Цена копейки в бермудском исчислении

Вла-Да
     В маленьком зале автобусной станции городка Раздрай сидел гражданин, ожидая рейса в своё сельское поселение Лопухи. По факту рождения наречён был гражданин  Петрухиным Иваном Васильевичем. Он заметил, что газету, посредством которой усиленно делал вид, будто бы читает её, держит, так сказать, вверх ногами. Петрухин протёр от сонного наваждения глаза, ловко крутанул газету на сто восемьдесят градусов, словно баранку своей старенькой «копейки», тем самым исправив свою оплошность.
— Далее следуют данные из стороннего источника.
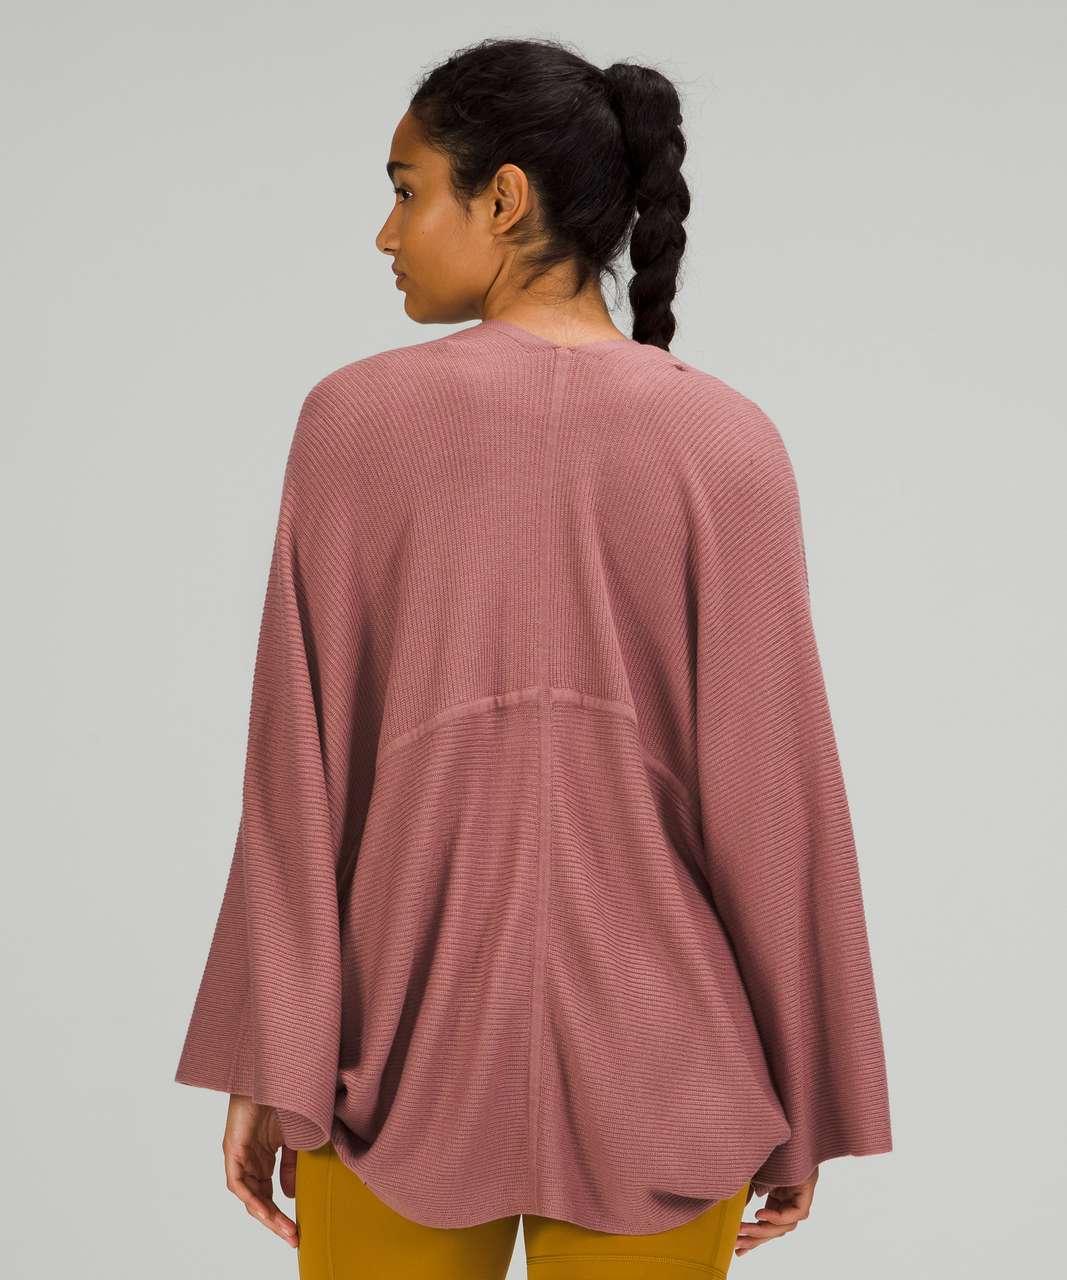 Lululemon Cashlu Knit Textured Wrap - Spiced Chai

Лениво зевнул, устремив свой взгляд поверх газеты, праздно зыркнул по сторонам, затем, потому как делать было всё равно нечего, уставился на газетный заголовок, выделенный жирным чёрным шрифтом. Громко прочёл: «Очередной пожар случился…»
     - Ну вот, горит. Опять, едри её вошь,  горит…  - с укором простонал он.
     Петрухин, заинтересовавшись темой, несколько минут читал эту очередную новость о пожаре, затем, тяжело вздохнув, и тыча пальцем в газету, громогласно изрёк в окружающее пространство, не имея в виду слушателем никого:
     - Эх, Россия! В Москве, в центре её, пылает кладезь интеллекта. Горит государственная научная библиотека со всем её скарбом, научным, так сказать, потенциалом. А недавно очередная больница сгорела. Дотла. 
     Сказавши это, Иван Васильевич устремил в направлении неба свой заскорузлый указующий перст. Затем посмотрел на него, приблизив к своему носу, нашёл его ногтевую фалангу кривоватой, повертел перстом влево-вправо и опустил испещрённую жилами ладонь на колено. Болтавшуюся в другой руке газету он откинул на соседнее свободное сиденье.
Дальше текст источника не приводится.